Высокая, худая, она старалась быть незаметной, но отнюдь не была ничтожной. С ней обращались дружески, лучше, чем с экономкой, но хуже, чем с родственницей. Сейчас я неожиданно вспомнил множество нюансов, на которые доселе не обращал внимания. Г-жа Шанталь говорила ей «Перль», барышни — «мадмуазель Перль», а сам Шанталь называл ее просто «мадмуазель» — пожалуй, это выходило у него почтительнее, чем у них.
Я принялся рассматривать ее. Сколько ей могло быть лет? Лет сорок? Да, пожалуй что сорок. Эта пожилая девушка не была старухой — она себя старила. Я был неожиданно поражен этим наблюдением. Она смешно причесывалась, смешно одевалась, носила смешные украшения и при всем том вовсе не казалась смешной — так много было в ней врожденного, естественного изящества, изящества прячущегося и тщательно скрываемого.

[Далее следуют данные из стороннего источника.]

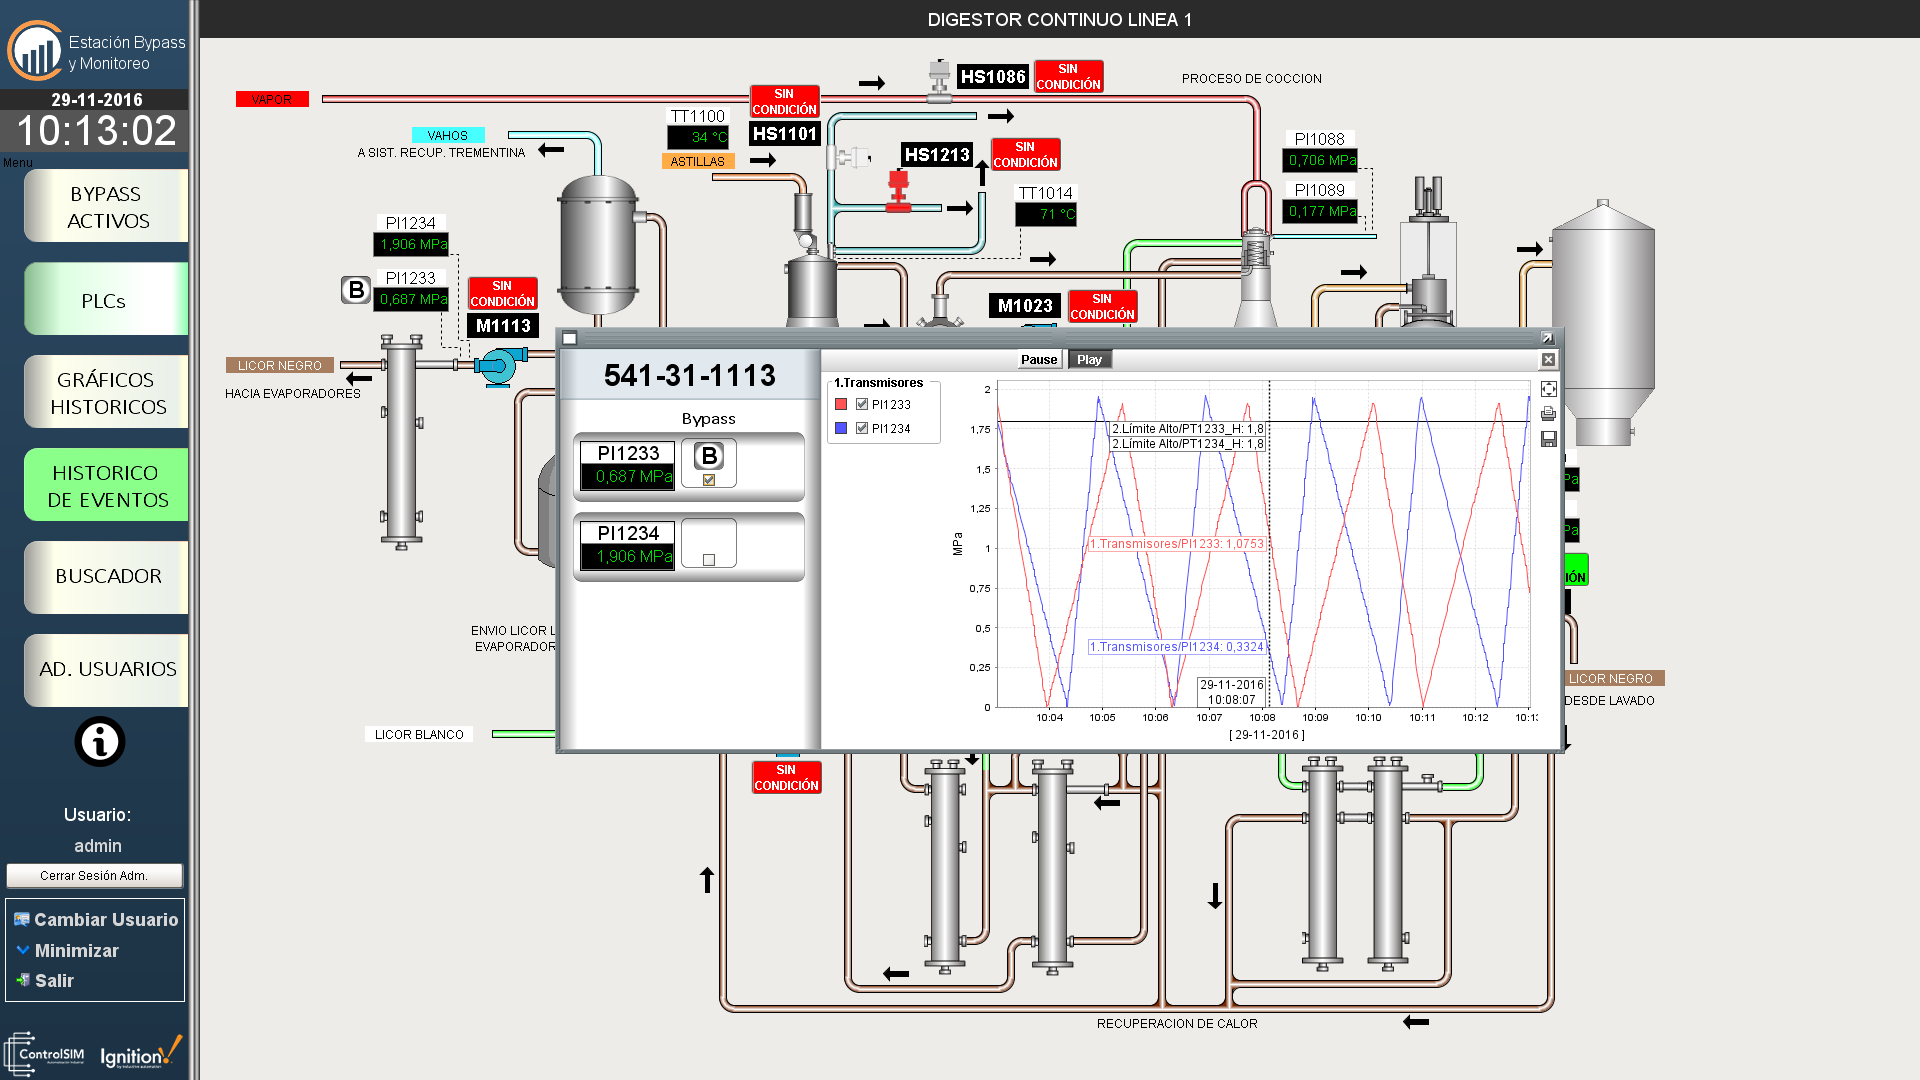 Estacion de monitoreo graficos en tiempo real

Вот уж действительно странное существо! И как это я до сих пор хорошенько не разглядел ее? Она носила нелепую прическу с какими-то комичными старушечьими букольками, но под ее волосами, убранными в стиле Непорочной Девы, был виден высокий чистый лоб, прорезанный двумя глубокими морщинами — то были морщины, проведенные глубокой печалью, — большие голубые добрые глаза, такие застенчивые, такие боязливые, такие смиренные, — чудесные глаза, сохранившие свою наивность, полные детского изумления, юной чувствительности и вместе с тем глубоко затаенной грусти, которая смягчала их выражение, но от которой они не потускнели.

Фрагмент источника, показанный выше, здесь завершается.